[SOURCE MATERIAL — start]

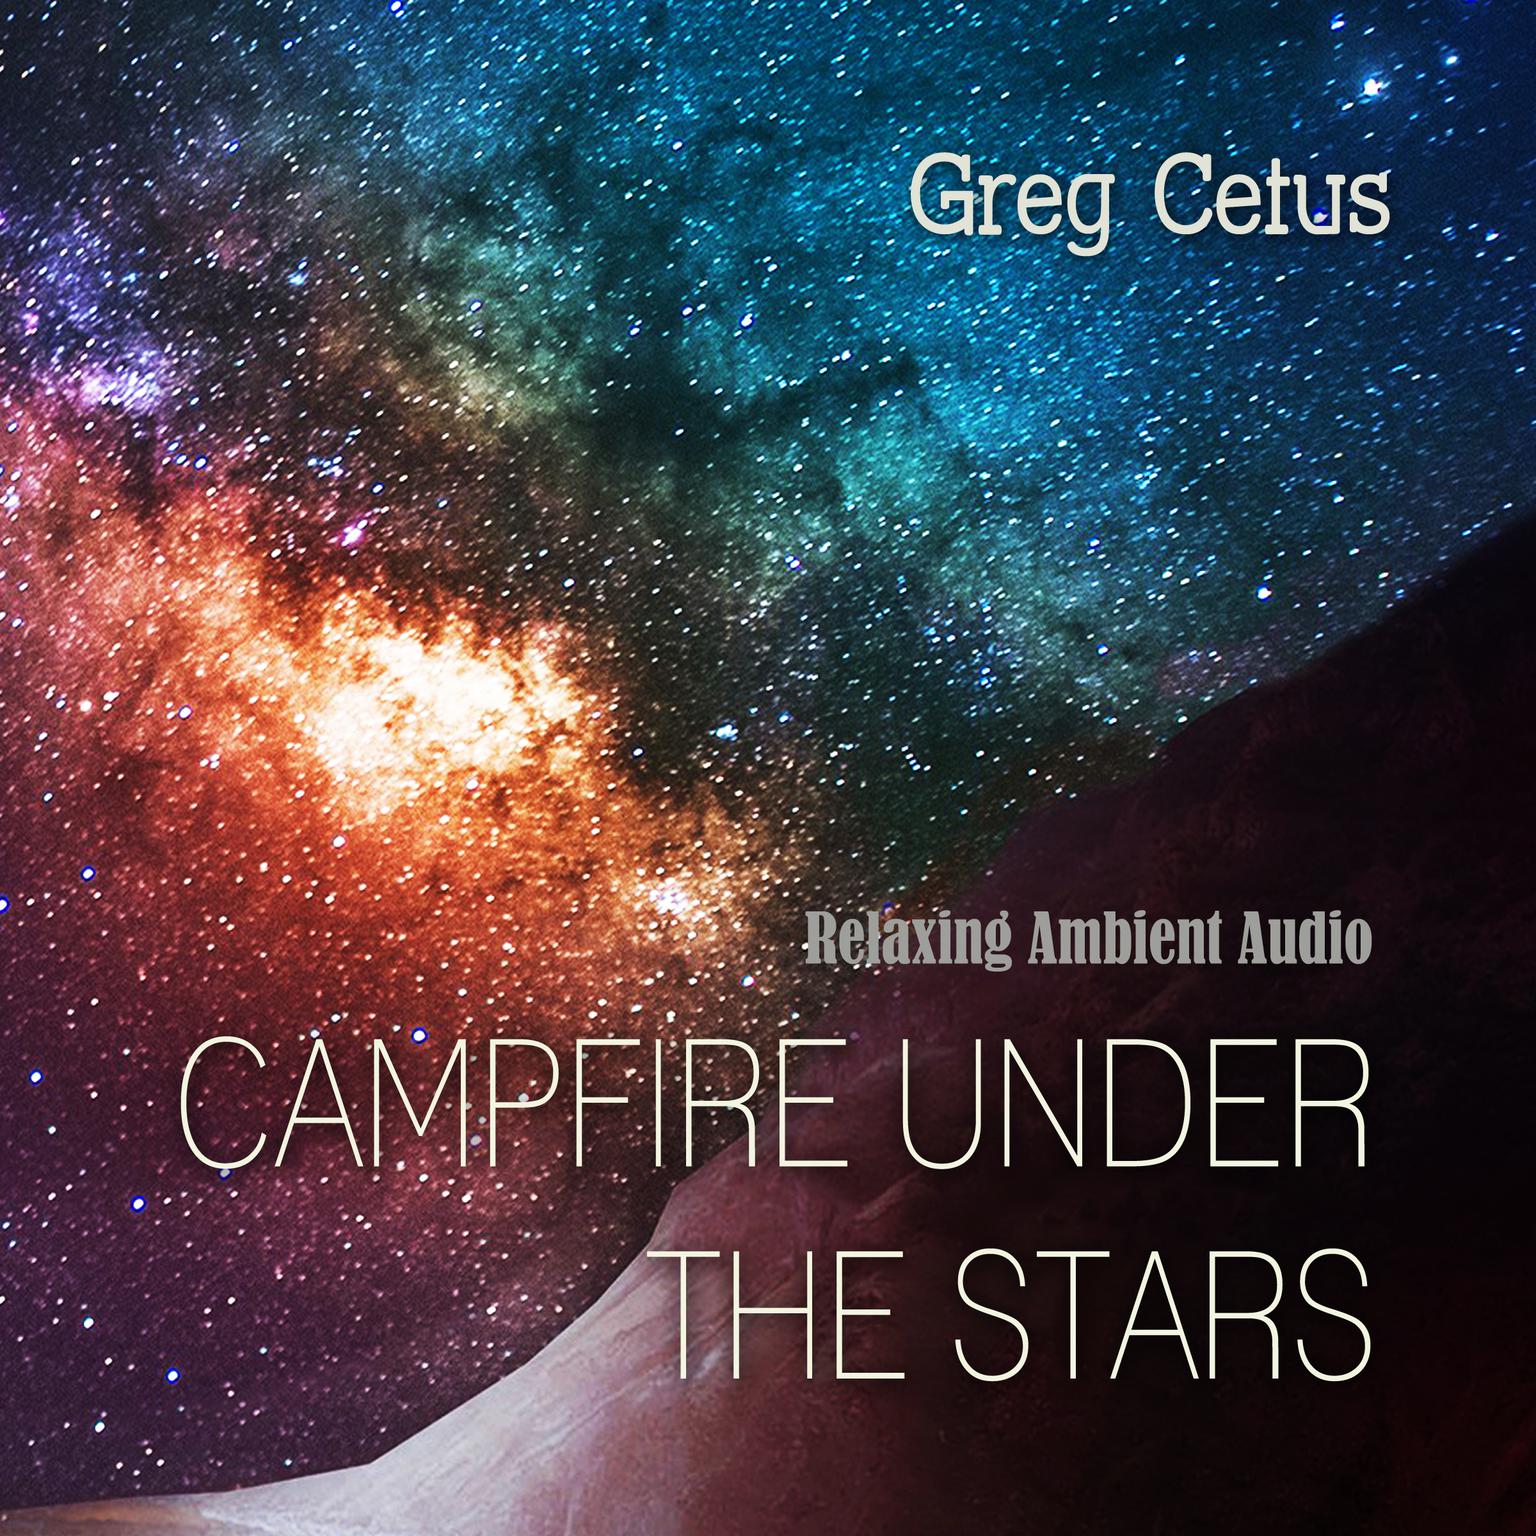 Campfire Under The Stars: Relaxing Ambient Audio Audiobook, by Greg Cetus
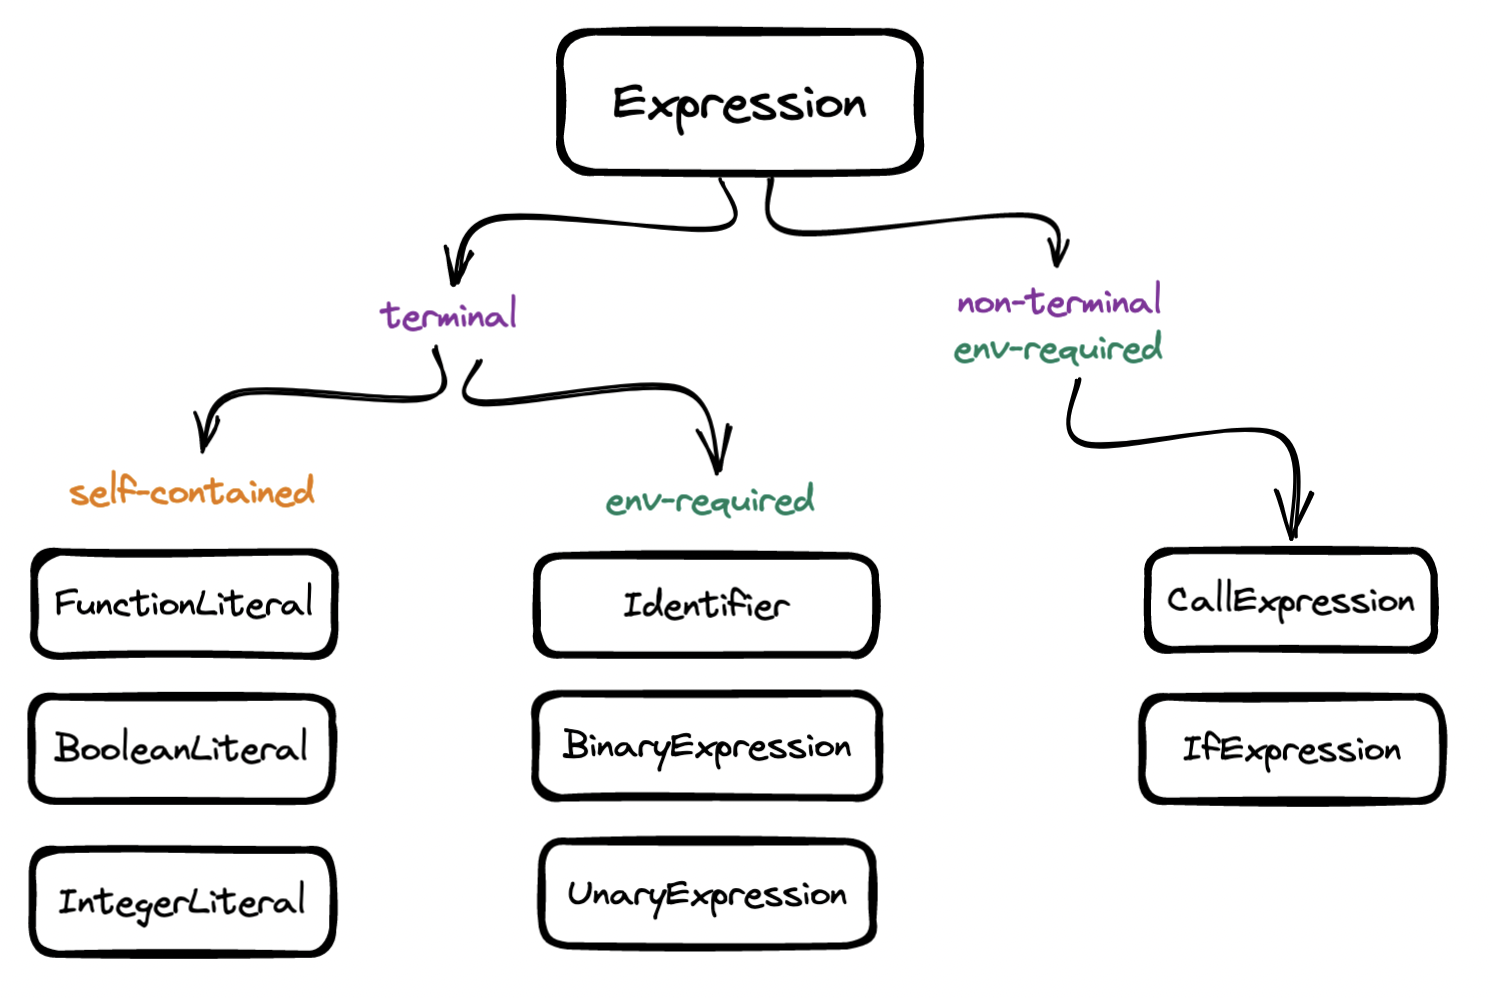 Expression types
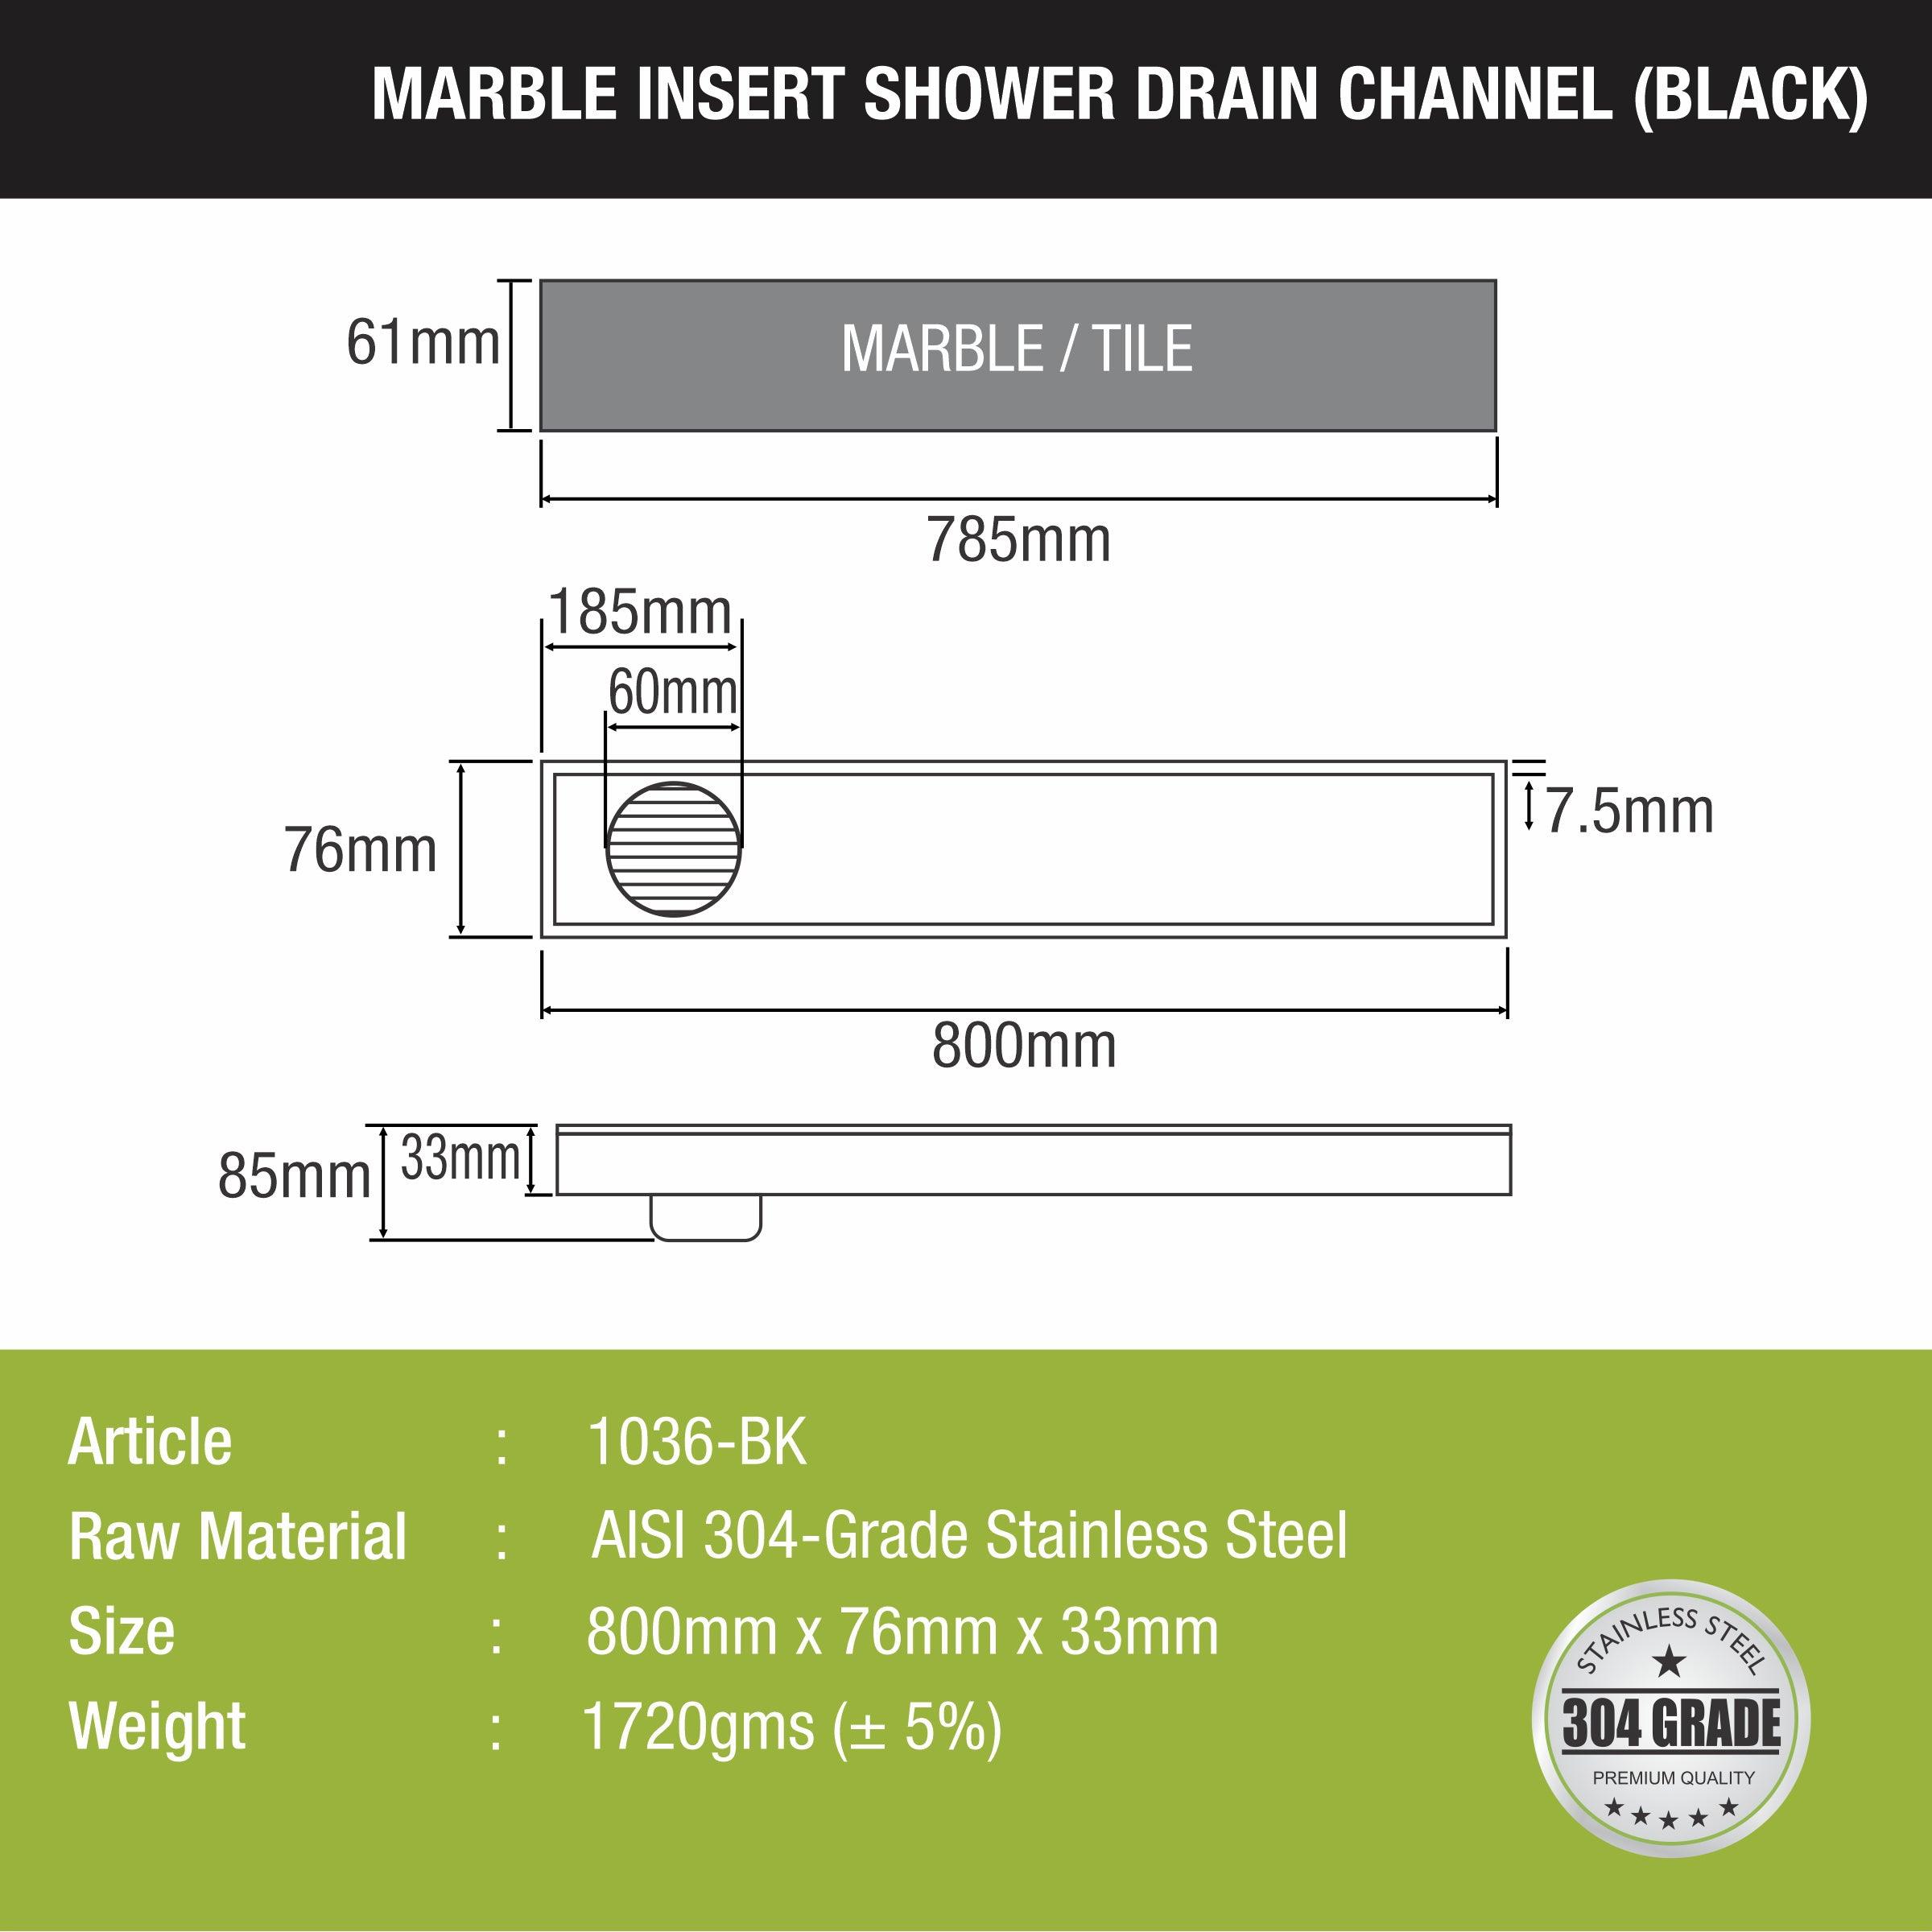 Marble Insert Shower Drain Channel - Black (32 x 3 Inches) size and measurement

[SOURCE MATERIAL — finish]

◆ WORK REQUEST ◆
Transcribe the whole listing exactly as it stands, apart from the pictures.

◆ EXPECTED ANSWER ◆
 Campfire Under The Stars: Relaxing Ambient Audio Audiobook, by Greg Cetus
 Expression types
 Marble Insert Shower Drain Channel - Black (32 x 3 Inches) size and measurement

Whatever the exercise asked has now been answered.